Add `PyArrow.table` or `PyArrow.dataset` as options for return objects in `MLTable` #32920

Open ion-elgreco opened 1 year ago

ion-elgreco commented 1 year ago

Is your feature request related to a problem? Please describe. It's currently not possible to return a PyArrowtable or PyArrowdataset with the MLTable library. This is very annoying because I can see in the code there is a Rust reader for deltalake (probably using delta-rs), which returns PyArrowrecordbatches and these are converted to a Pandas dataframe. There are better libraries nowadays that use arrow as memory format such as Polars.

So, it would be way better if we could simply return a PyArrow tableor PyArrow dataset, preferably both because a dataset can be used for lazy execution.

Describe the solution you'd like A clear and concise description of what you want to happen.

Add PyArrow table/dataset as possible return object for the MLTable class. e.g. (to_pyarrow_table, to_pyarrow_dataset 

Describe alternatives you've considered A clear and concise description of any alternative solutions or features you've considered. There are no alternatives, you now have to go through Pandas which is as inefficient as you can be with possible data loss due to type coercion.

iscai-msft commented 1 year ago

Thanks for opening this issue @ion-elgreco , tagging @azureml-github to look io this issue.

YalinLi0312 commented 1 year ago

@ion-elgreco which library are you using?
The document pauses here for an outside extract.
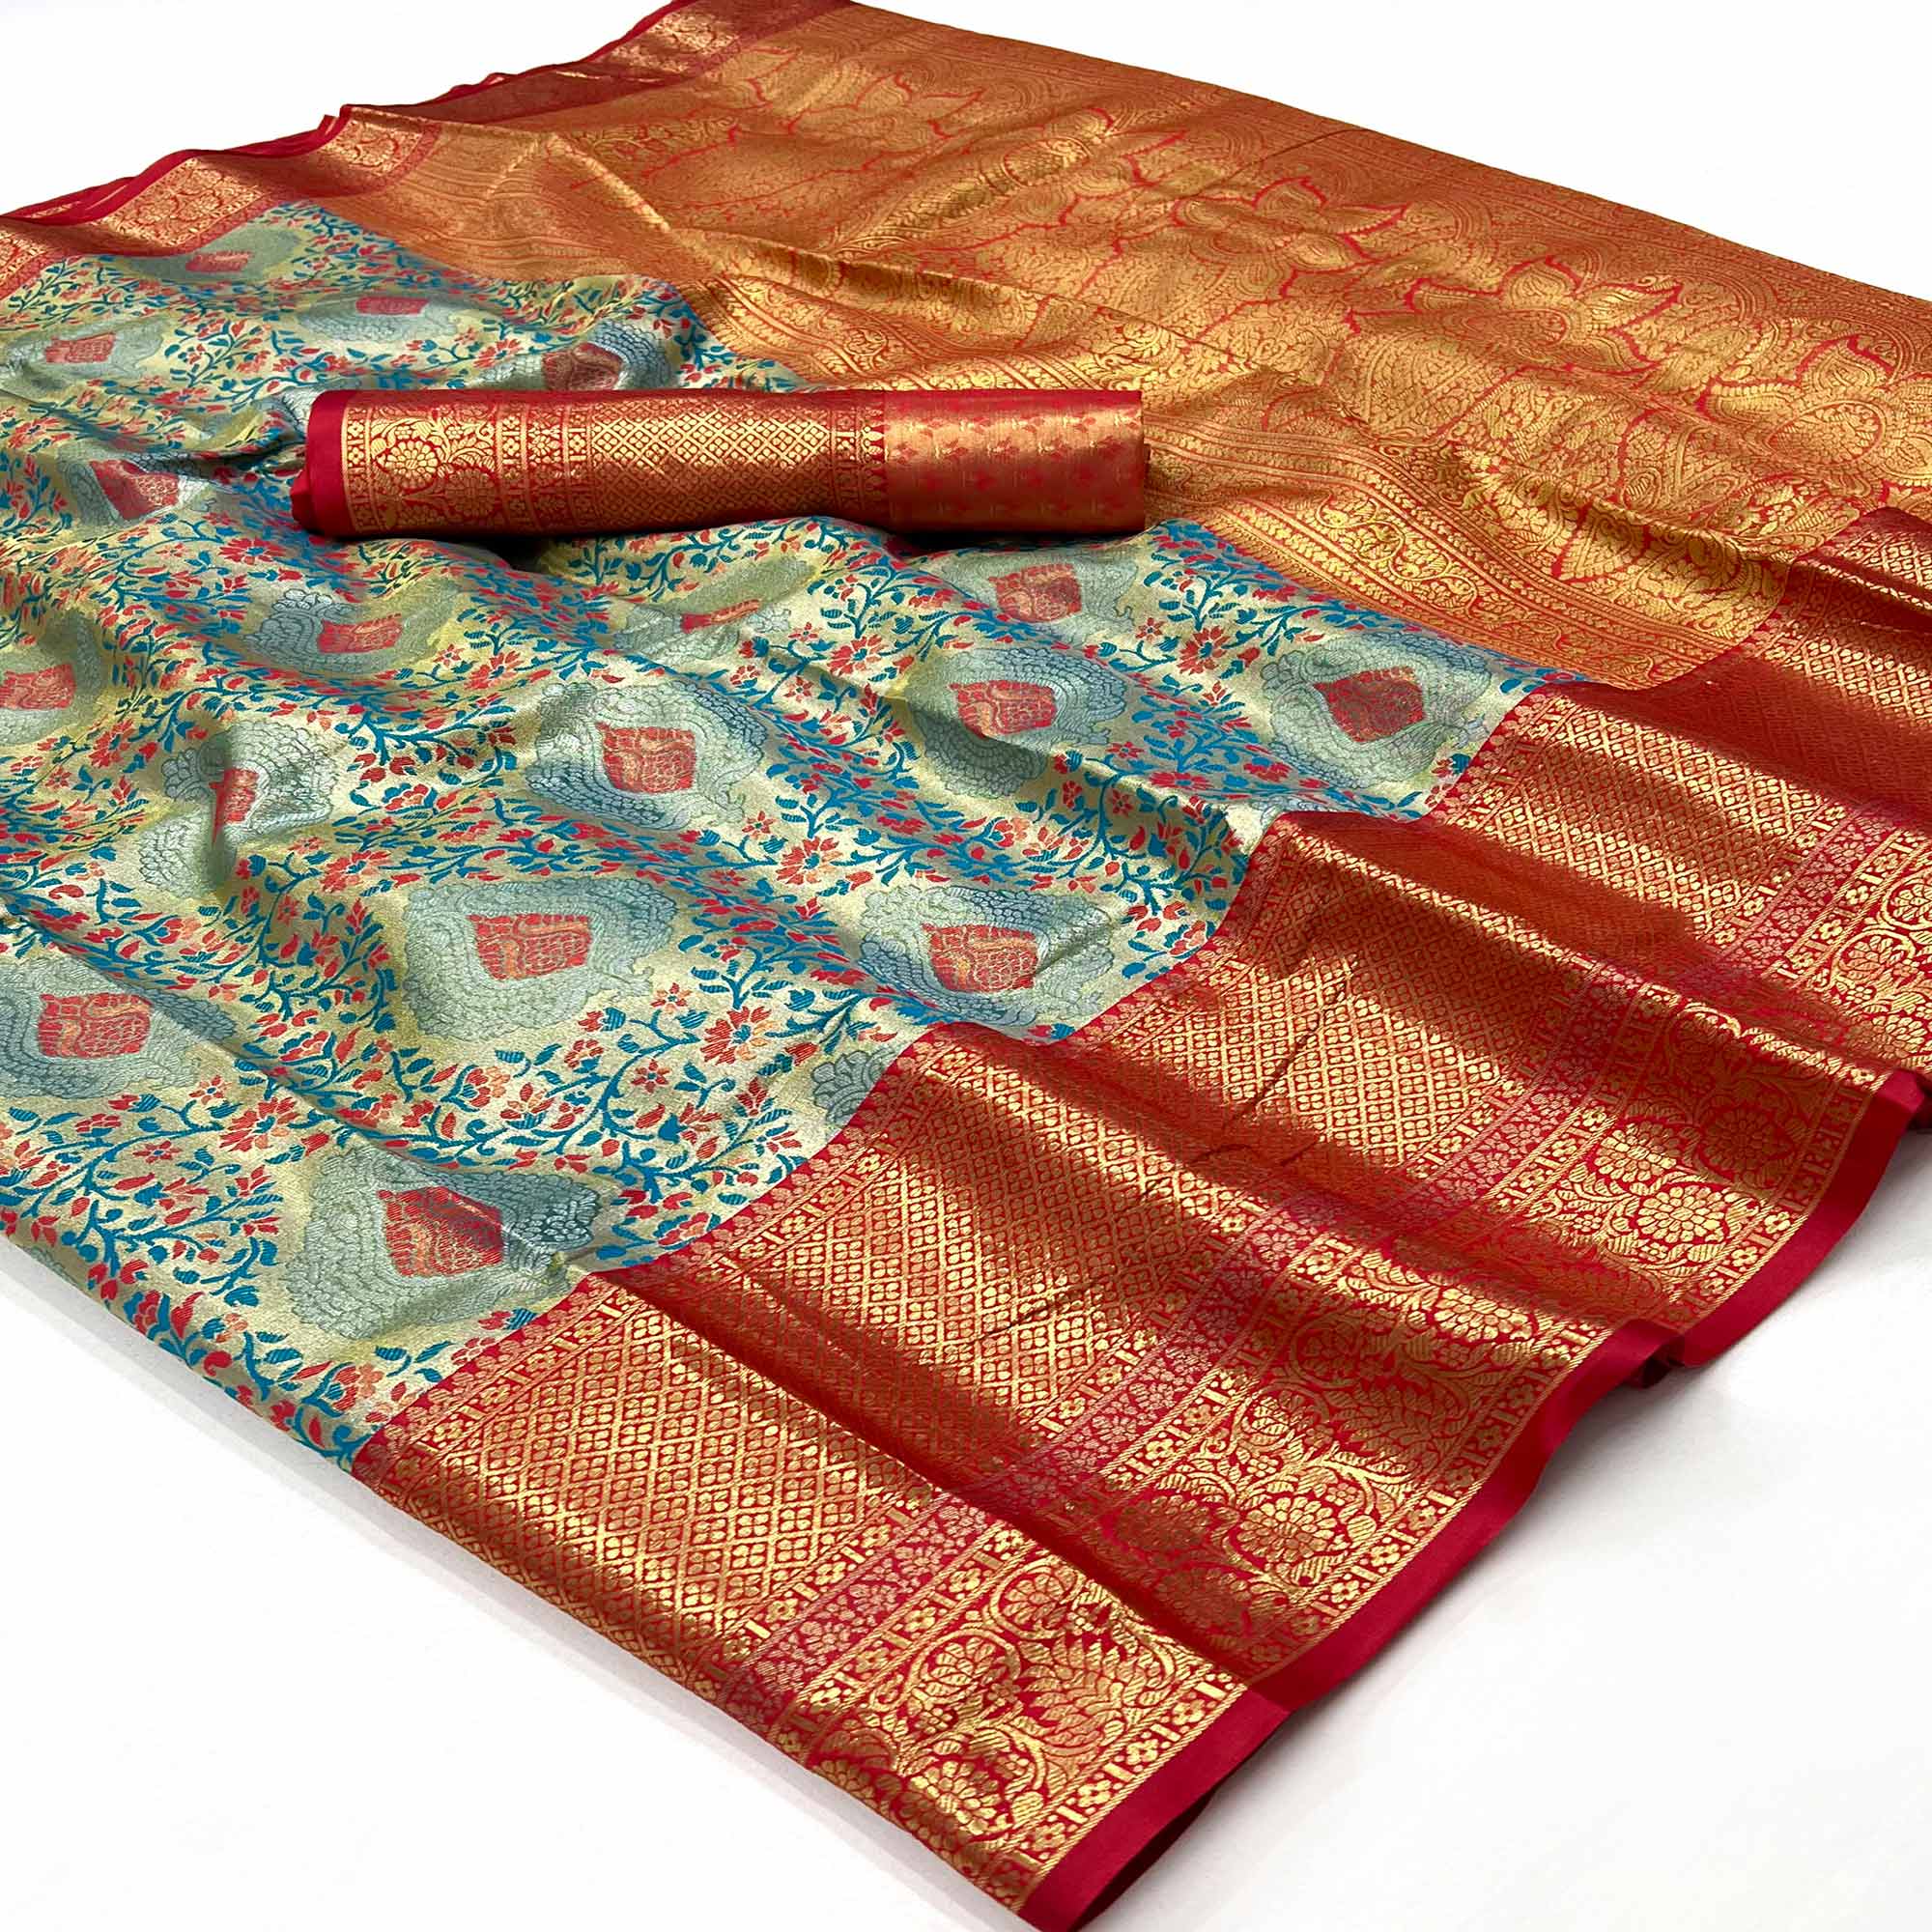 Blue & Red Floral Woven Kanjivaram Silk Saree
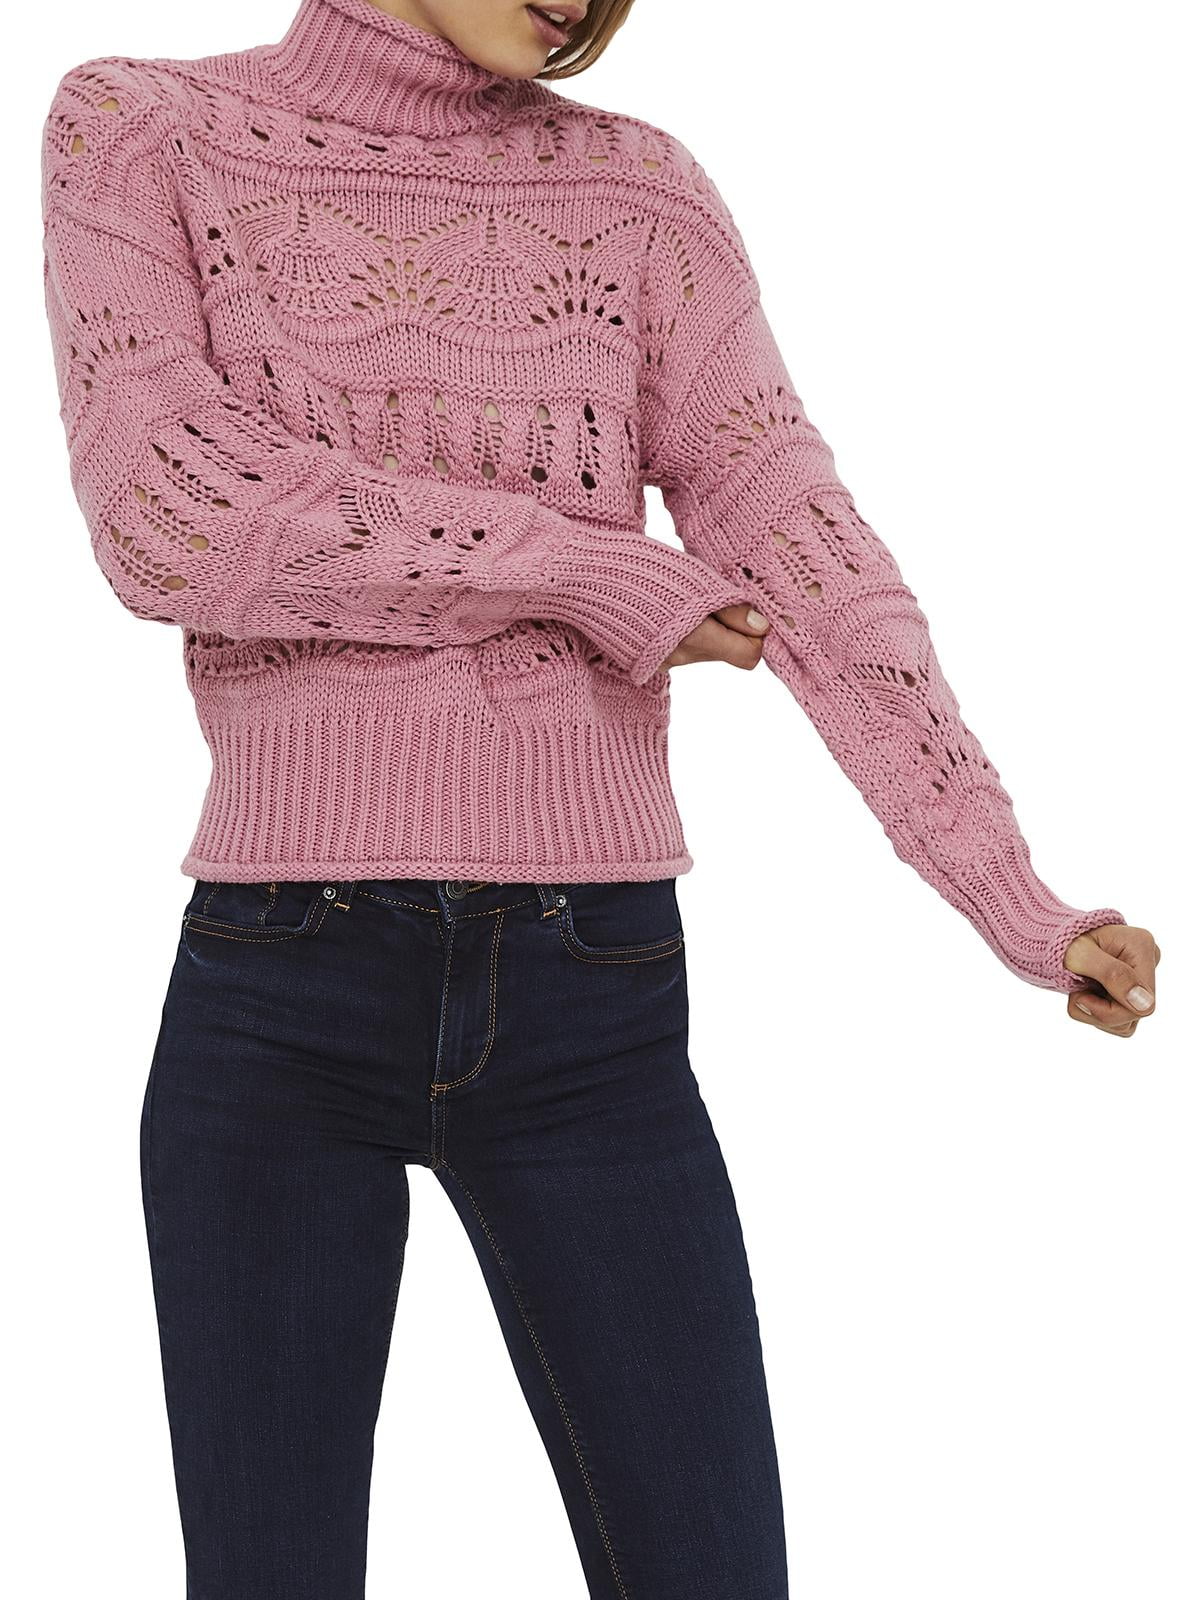 Moda Womens Poll Highneck Blouse Pullover Sweater Pink - Walmart.com

Is this one? azure-data-tables

annatisch commented 1 year ago

@YalinLi0312, no I believe this issue is referring to this package, although it's not maintained in this repo: https://pypi.org/project/mltable/ This issue needs to be routed to the ML folks - I've corrected the labeling. :)

Dekermanjian commented 9 months ago

Hello, this is something I am also interested in seeing added. Are there any updates on this issue?

github-actions[bot] commented 6 months ago

Thanks for the feedback! We are routing this to the appropriate team for follow-up. cc @Azure/azure-ml-sdk @azureml-github.